Freud’s model of the mind is a dynamic one – that is, it envisages the mind as being in a constant state of flux and conflict between impulses arising in one part of the mind and defences against these impulses. His first model of the mind had been based on repression. What we cannot stand to think or remember, we learn to repress from consciousness. The unconscious – usually metaphorically conceived of as a deeper layer of the mind – exerts constant pressure to bring this material back to light. It comes up again in dreams, jokes, forgettings, ‘Freudian slips’, associations of ideas. Ideas are smuggled across the repression barrier in various forms, and in various ways we continue to forget and deny. This simple model, of repression, and the return of the repressed, is still a perfectly adequate way of describing many mental manoeuvres. Much psychic pain can be relieved by enabling people to remember what happened in a context where they feel safe. One of its virtues is to remind us that if we have to repress a lot, we lose a great deal of mental energy in the process. Psychoanalysis should enable us to accept ourselves more and thus release some of the instinctual energy which makes experience more vivid and life more enjoyable.

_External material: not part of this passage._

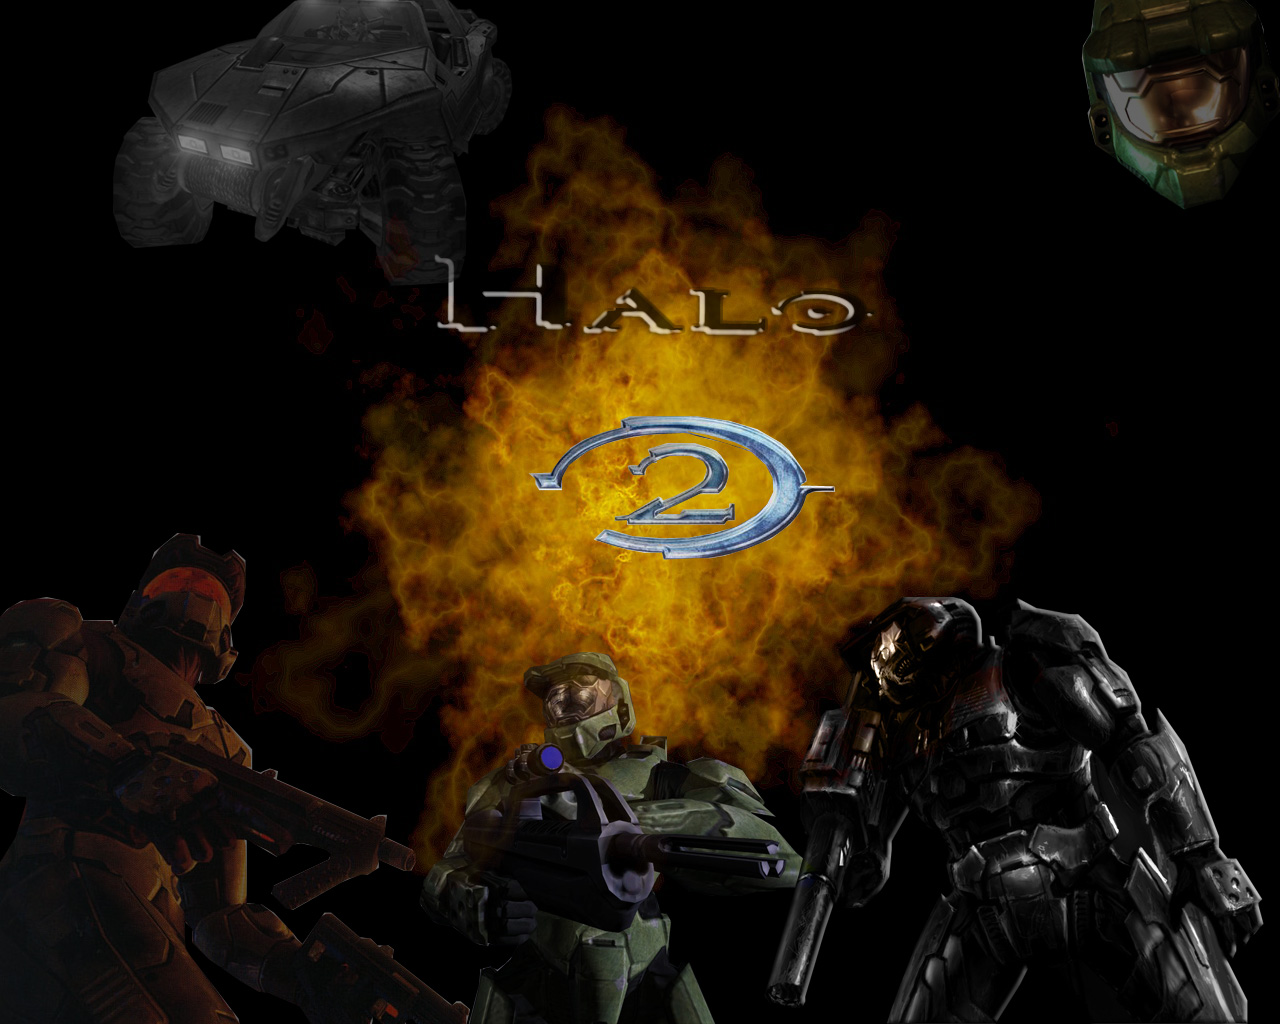 Halo 2 pic

Quite soon, Freud came to realize that it was not just a question of getting people to remember. So many of his female patients ‘remembered’ sexual advances from their fathers that he came to believe that in at least some cases the memory was an unconscious fantasy, prompted by the universal and intolerable wish that we could have a sexual relationship with both our parents. It was this development of the theory which was to make Freud, and psychoanalysis, notorious. The idea that babies and children had sexual desires, even if they were expressed via oral and anal images and ideas, was unbearable. Persistent attempts were made to get him to redefine the sexual basis of our interest in each other as love; and some argue that attachment theories come close to doing the same thing. Freud was adamant. He wanted to keep the link between psychoanalysis and the body, and the promptings of the body, although he also wanted to maintain that unconscious fantasy about the body was distinct from physiological reality. Conversely, he has frequently been accused of avoiding the fact that some adults really do act on their sexual impulses towards children; that this is not the patient’s childish fantasy but memory. It is clear that he always knew that sexual abuse of children by adults was possible, but here too there is continuing indignation at the idea that children might have spontaneous sexual and aggressive fantasies as well as being subject to those of adults. The object-relations tradition has laid more emphasis on their aggressive fantasies.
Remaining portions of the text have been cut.